Yesterday, I posted an image of Barcelona citizens protesting “for the abolition of all tourist apartments”, questioning whether the real problem is tourist apartments per se, or the high demand on the part of foreigners to party in Barcelona. Indeed, local laws intended to regulate the tourist apartment sector are only making things worse. Here, I want to question the efficacy of these laws.

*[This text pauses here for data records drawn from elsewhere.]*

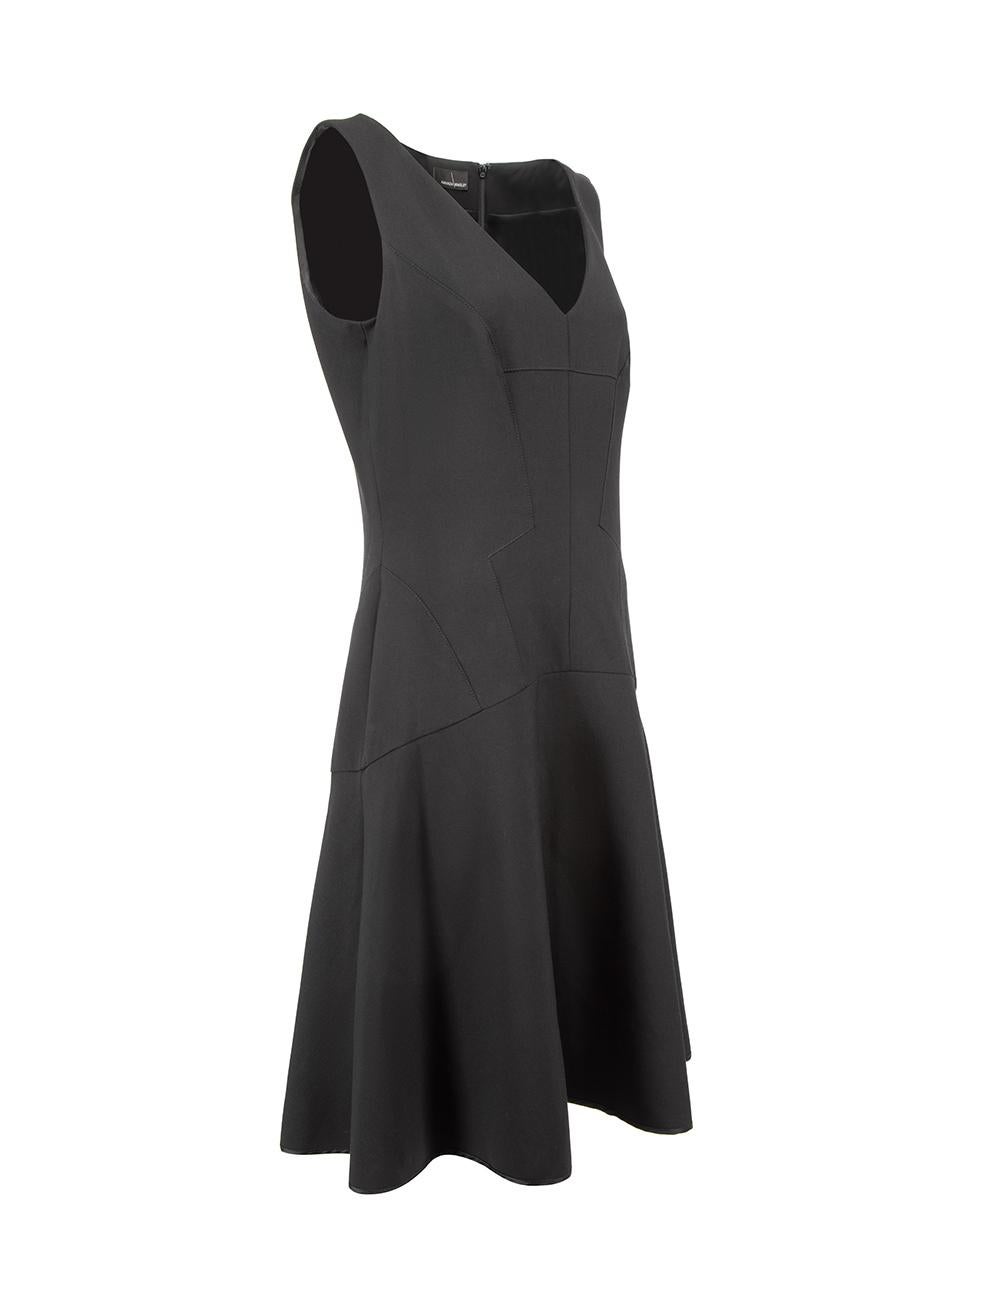 CONDITION is Very good. Hardly any visible wear to dress is evident on this used Amanda Wakeley designer resale item.



Details


Black

Polyester

Midi dress

V neckline

Flared skirt

Back zip closure with hook and eye





Made in

Firstly, it has to be said that it’s true that party animals prefer to rent tourist apartments. In these spaces, they can party non-stop, without the bummer of hotel security putting a damper on their Beastie Boys-ordained “right” to this activity. So it is true that much of the tourist unruliness that Barceloneta residents are complaining about emanates from this type of accommodation. However, there’s an important distinction to be made between two kinds of tourist apartments: ones that are lived in by private individuals who occasionally rent them to tourists (via sites like airbnb), and full-time tourist apartments managed by specialized rental agencies with large portfolios of these kinds of dwellings. It’s easy to tell the difference: one is a lived space, with plants, books, tchotchkes and other personal items belonging to the “normal” occupants; while the other is not. The profits are very high indeed: renting apartments to tourists can be up to nine times as profitable as renting to locals.

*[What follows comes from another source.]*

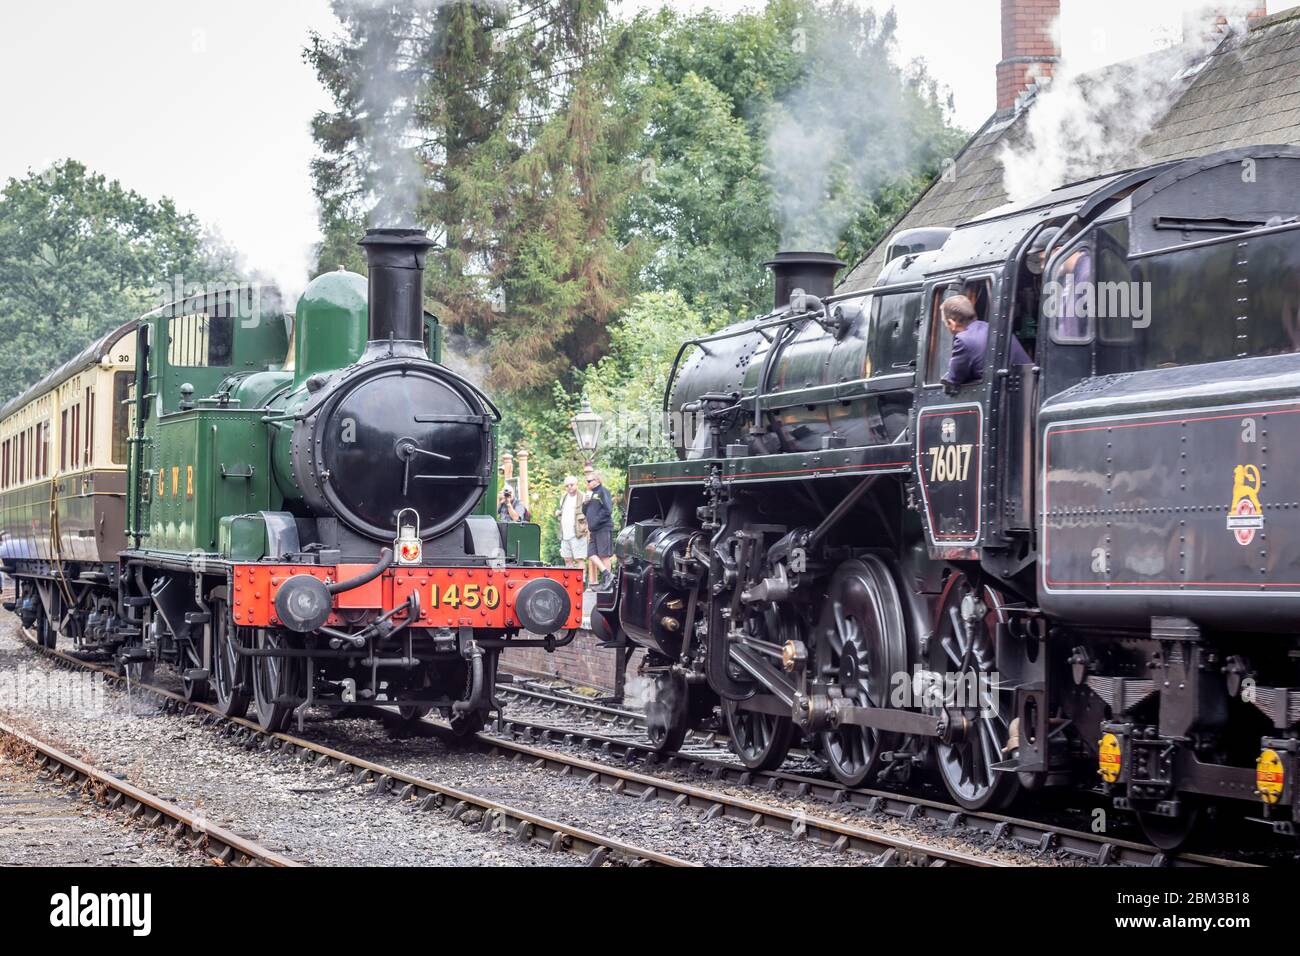 BR 2-6-0 '4MT' No. 76017 passes GWR 0-4-2T '14xx' No. 1450 at Highley on the Severn Valley Railway during their Autumn Steam Gala Stock Photo

Now, which kind of apartment owner is more likely to rent out their property to a herd of party animals? Someone who only occasionally rents their flat to tourists would be completely out of their mind to do so. It would ruin the relations they have with their neighbors, not to mention the cost of clean-up and repairs after their home is trashed. Airbnb uses a system whereby guests and hosts alike are evaluated by each other. The evaluations are like references, allowing owner-occupiers and tourists alike to build up a reputable resumé. The agencies that rent out tourist apartments full-time don’t ask for references, only damage deposits.
Yet, Barcelona City Council, in all its wisdom, sees collaborative consumption platforms such as airbnb as the problem, not the tourist apartment rental agencies (the worst of which rent flats out to hoodlums precisely in order to pressure long-time neighbors out of their homes; that way they can get their paws on these lucrative properties). The City requires tourist apartments to be licensed, and limits the number of licenses issued. Agencies do their best to make sure they snap up the few licenses that are issued (and we all know how that’s done, nudge nudge, wink wink). City Council even wants tourist apartments to be consolidated within entire buildings, favoring large-scale real-estate operators, not to mention land speculation, and making it impossible for any individual to occasionally rent out their private home to tourists, at least legally. Airbnb was moreover fined by the local authorities some months ago for 30 thousand euro. In any case, we can see that the law intended to regulate the tourist apartment sector is ultimately exacerbating the very problem it was presumably intended to solve.
There’s an expression in Spanish, “Hecha la ley, hecha la trampa,” for which an English equivalent does not exist, as far as I know. The closest English expression is probably “Every law has its loophole.” One has to wonder if the “loophole” and the “spirit” of the law aren’t the same thing in this case.